DATA EXTRACT:

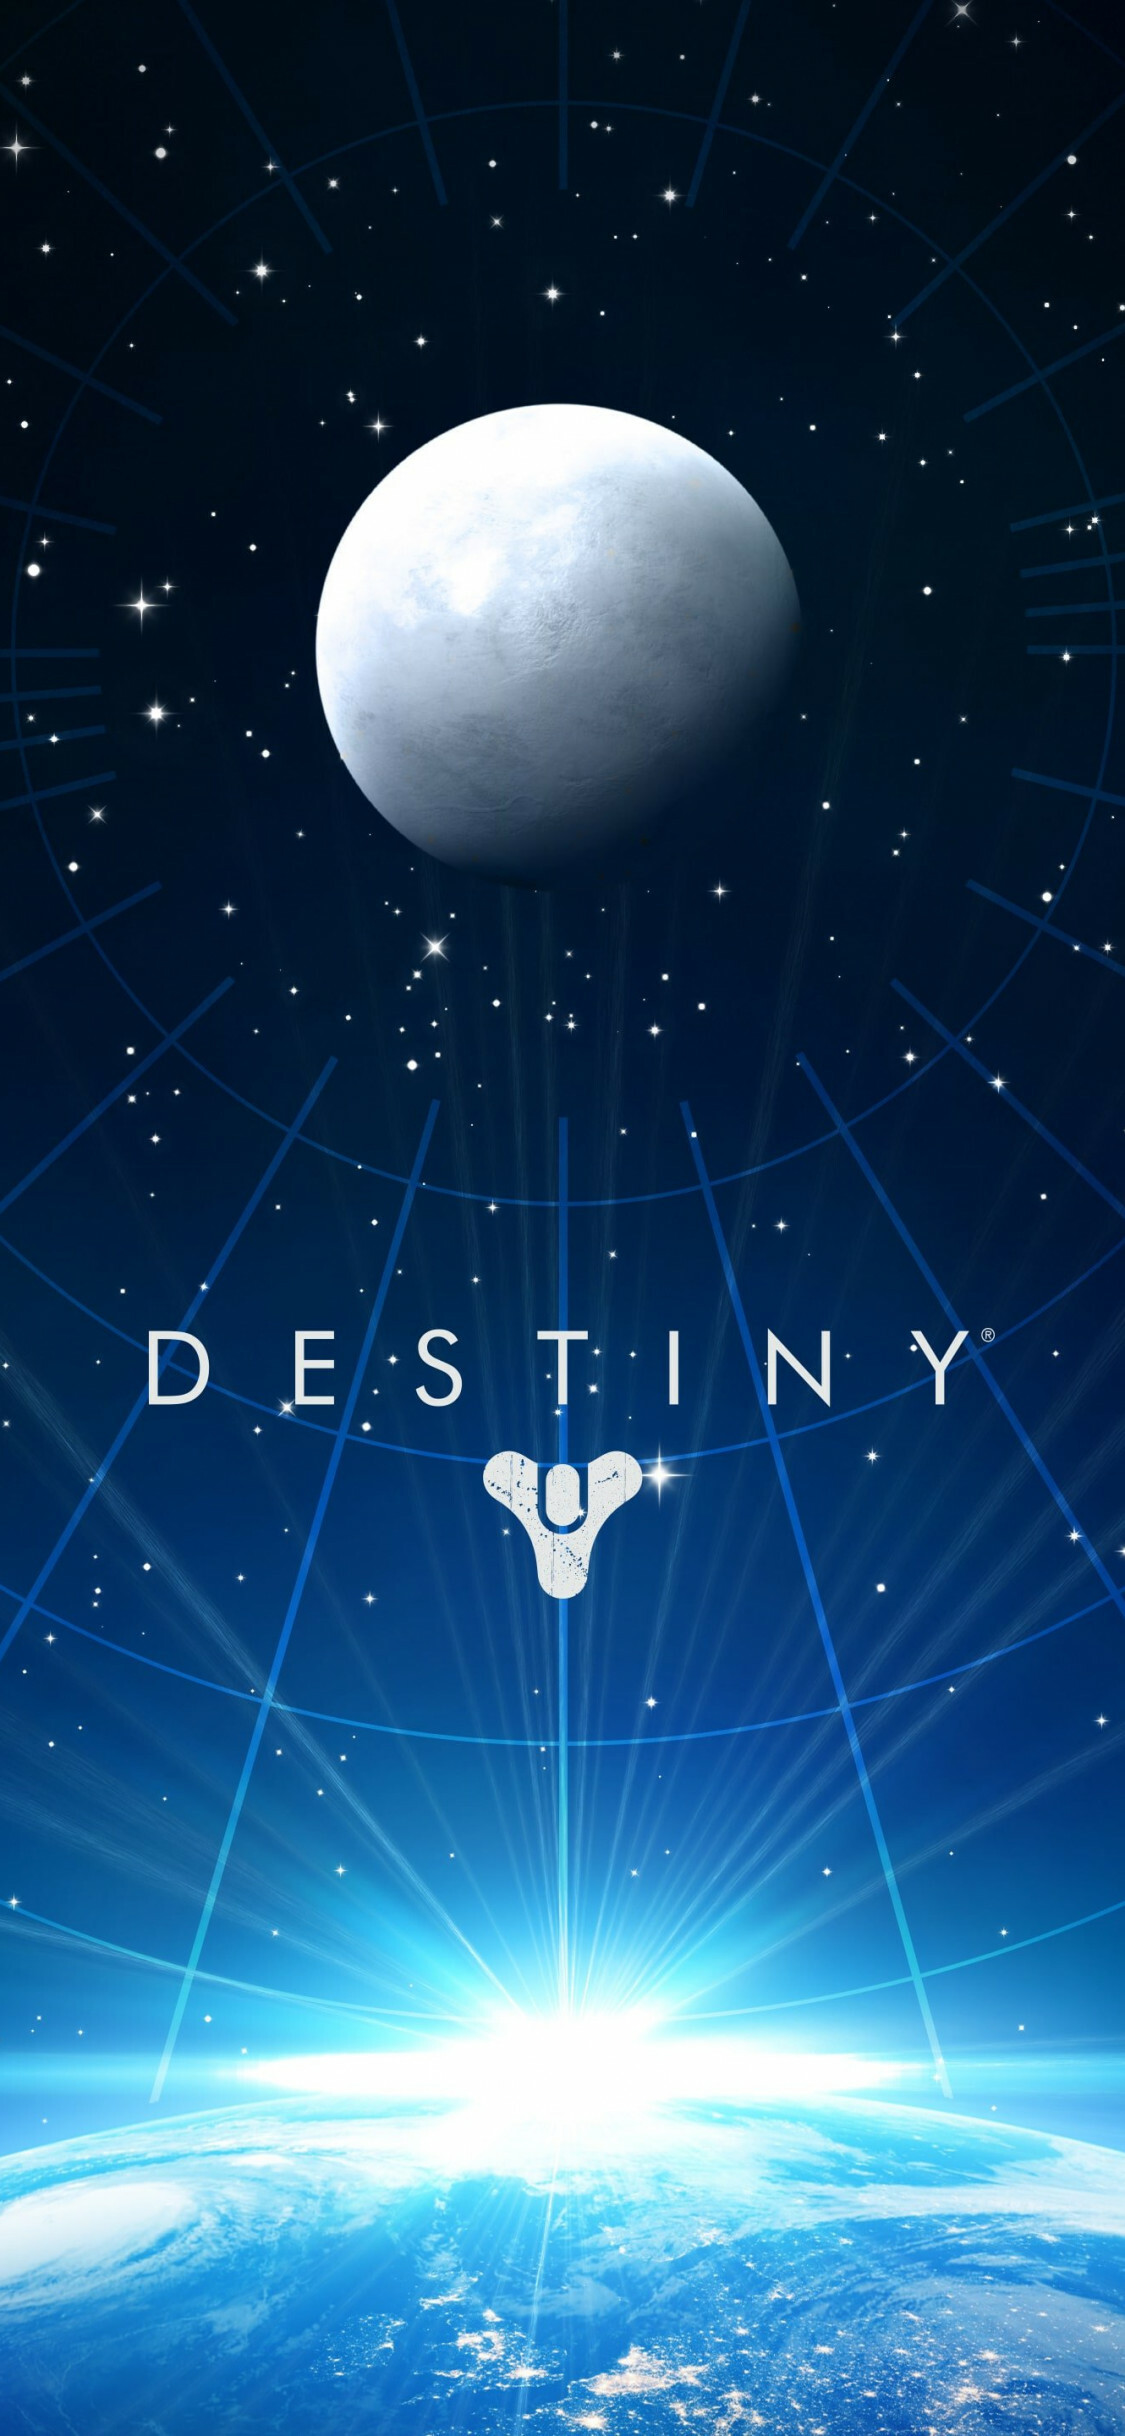 Destiny: Players' equipment includes weapons and armor, Legendary and exotic items are the best items for players' characters, and only one exotic weapon and one exotic armor can be equipped at one time, Online video game. 1130x2440 HD Background.
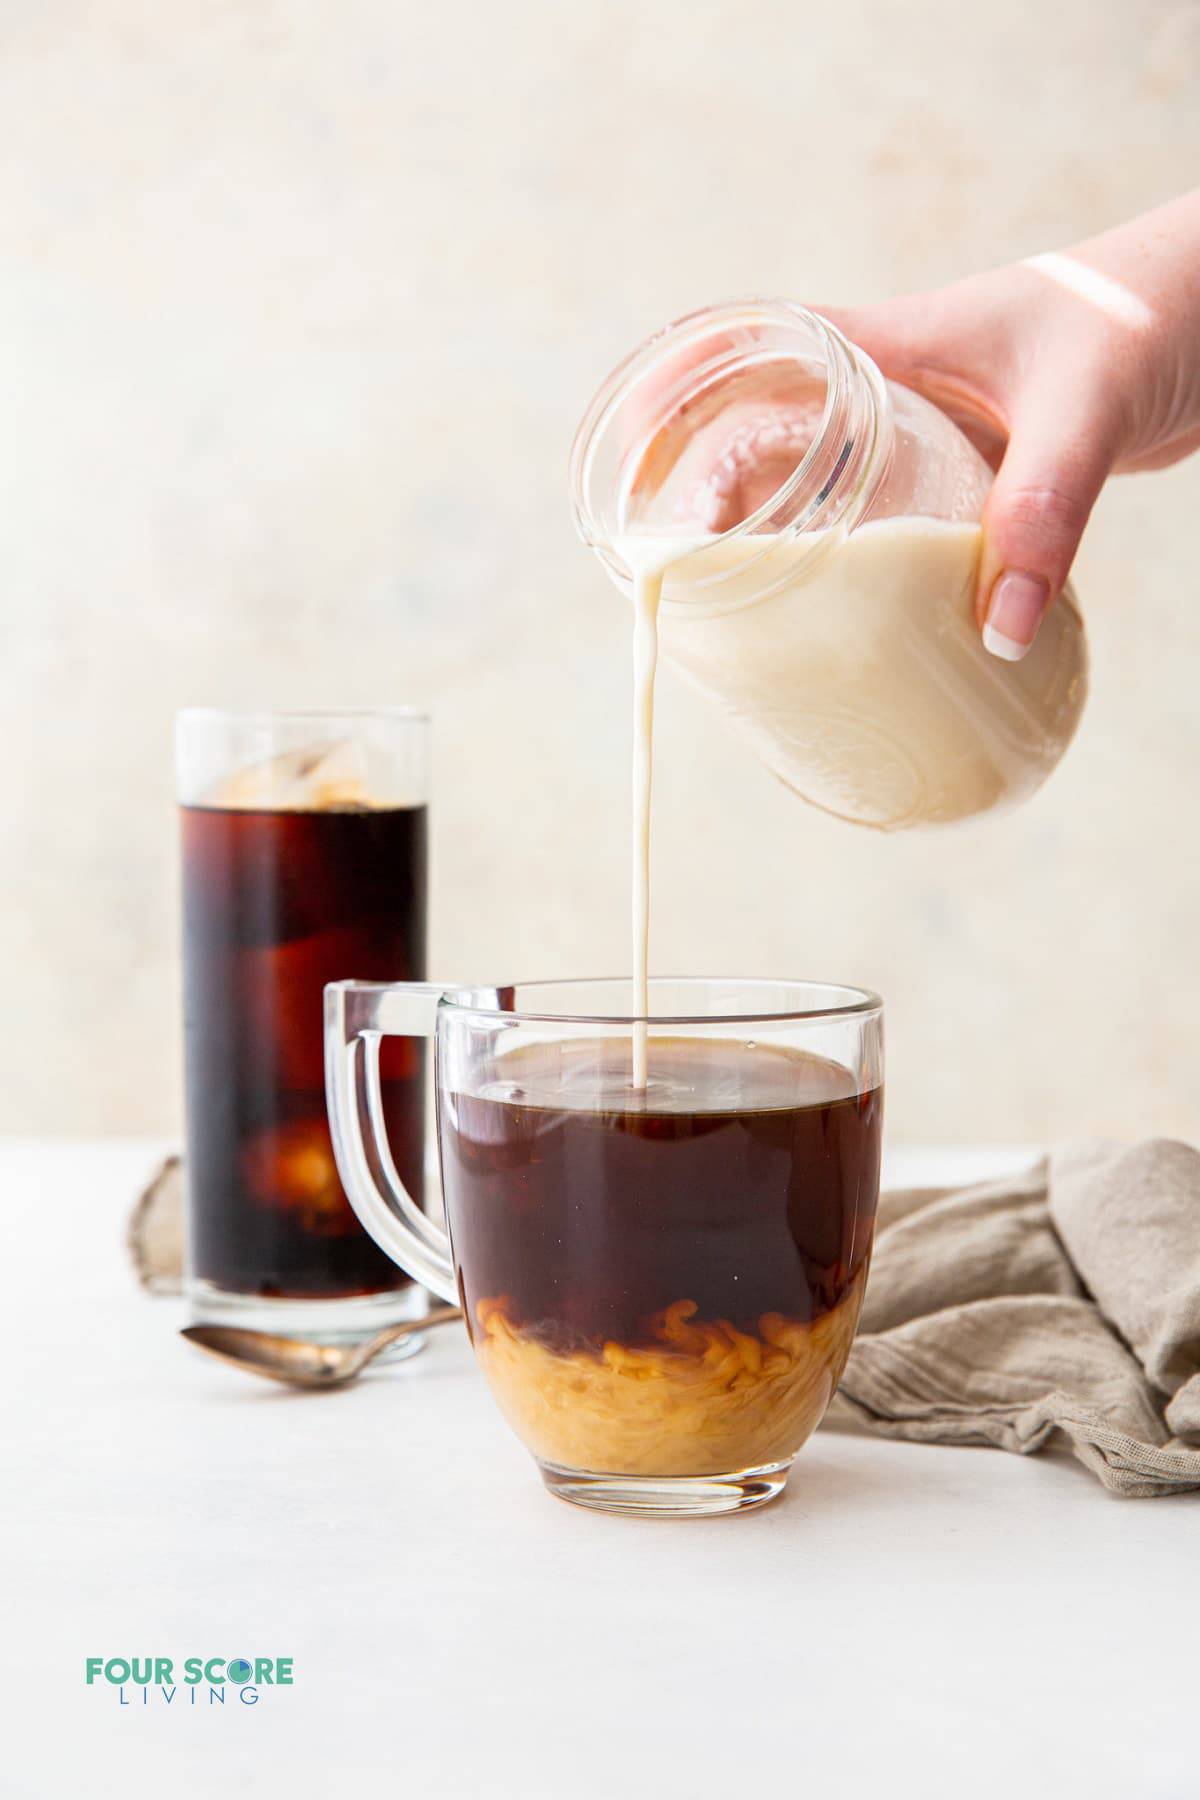 a glass mug of hot coffee with homemade keto creamer being poured in from a mason jar. A clear glass of black iced coffee is in the background
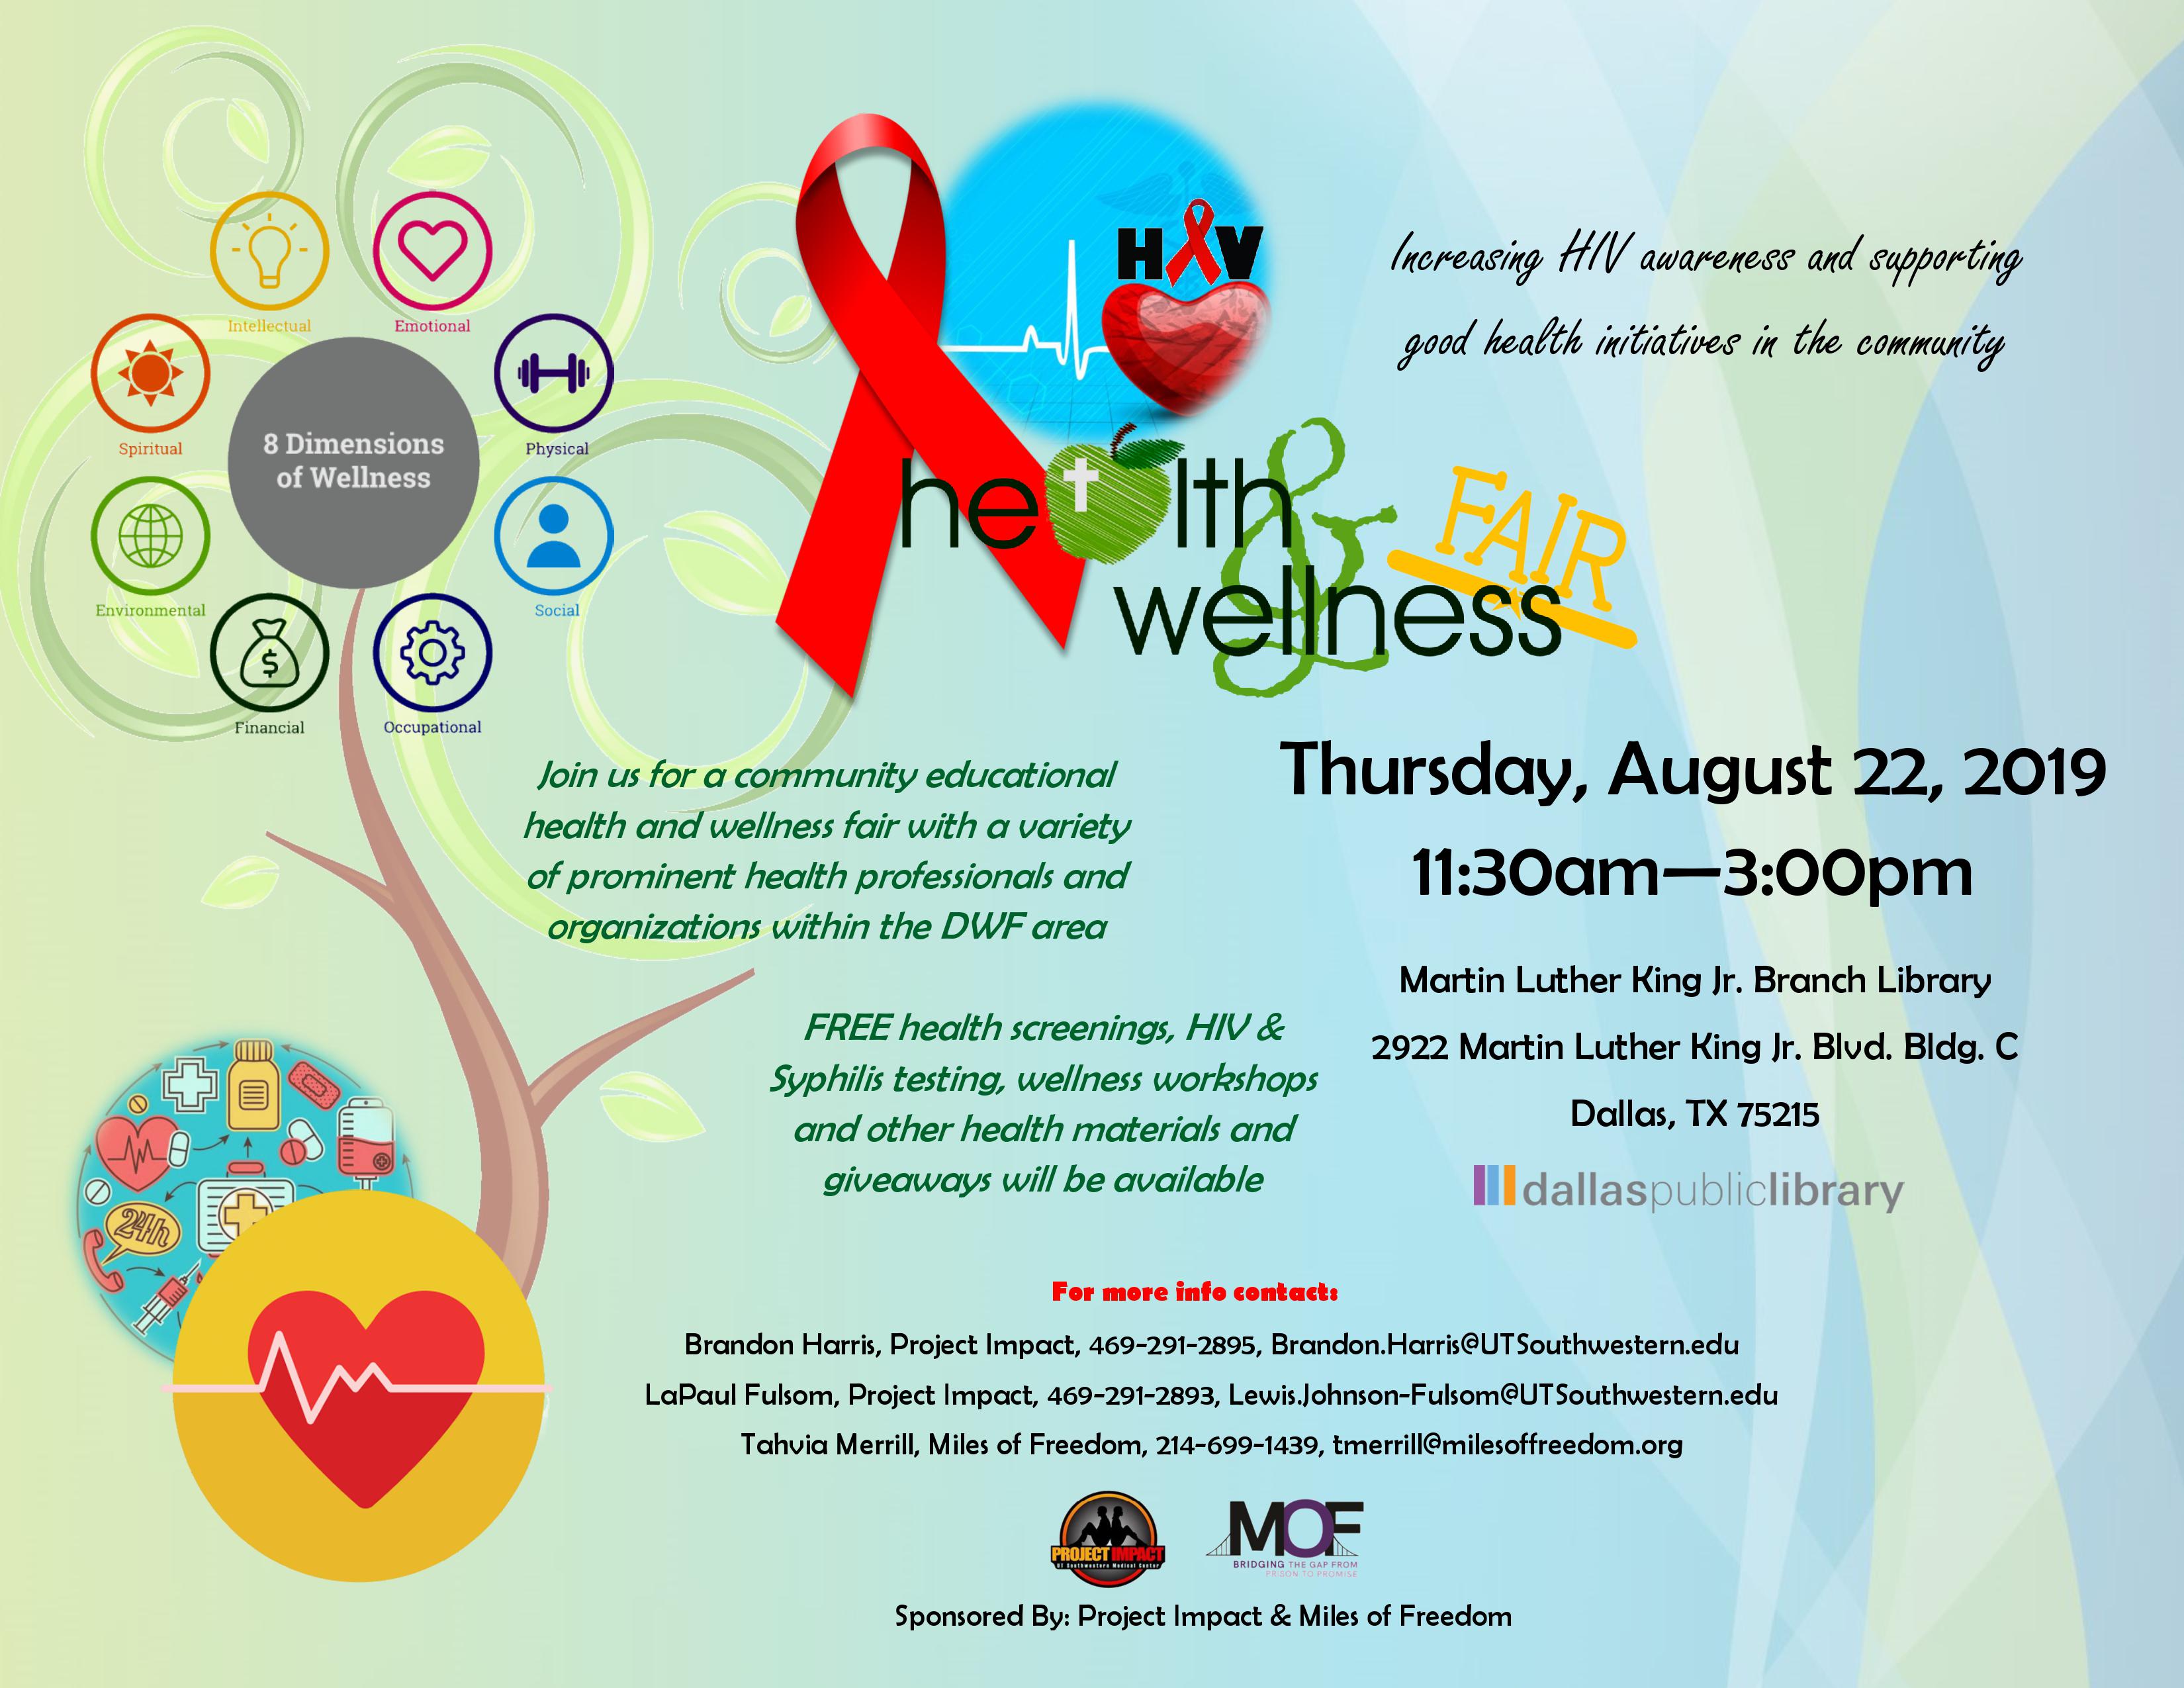 Join us for a community educational health and wellness fair with a variety of prominent health professionals and organizations within the DWF area.

WHAT YOU HAVE TO DO: Starting at the line with "a glass mug", transcribe the listing above exactly through its last line. No picture belongs in the transcription.

ANSWER BOX:
 a glass mug of hot coffee with homemade keto creamer being poured in from a mason jar. A clear glass of black iced coffee is in the background
 Join us for a community educational health and wellness fair with a variety of prominent health professionals and organizations within the DWF area.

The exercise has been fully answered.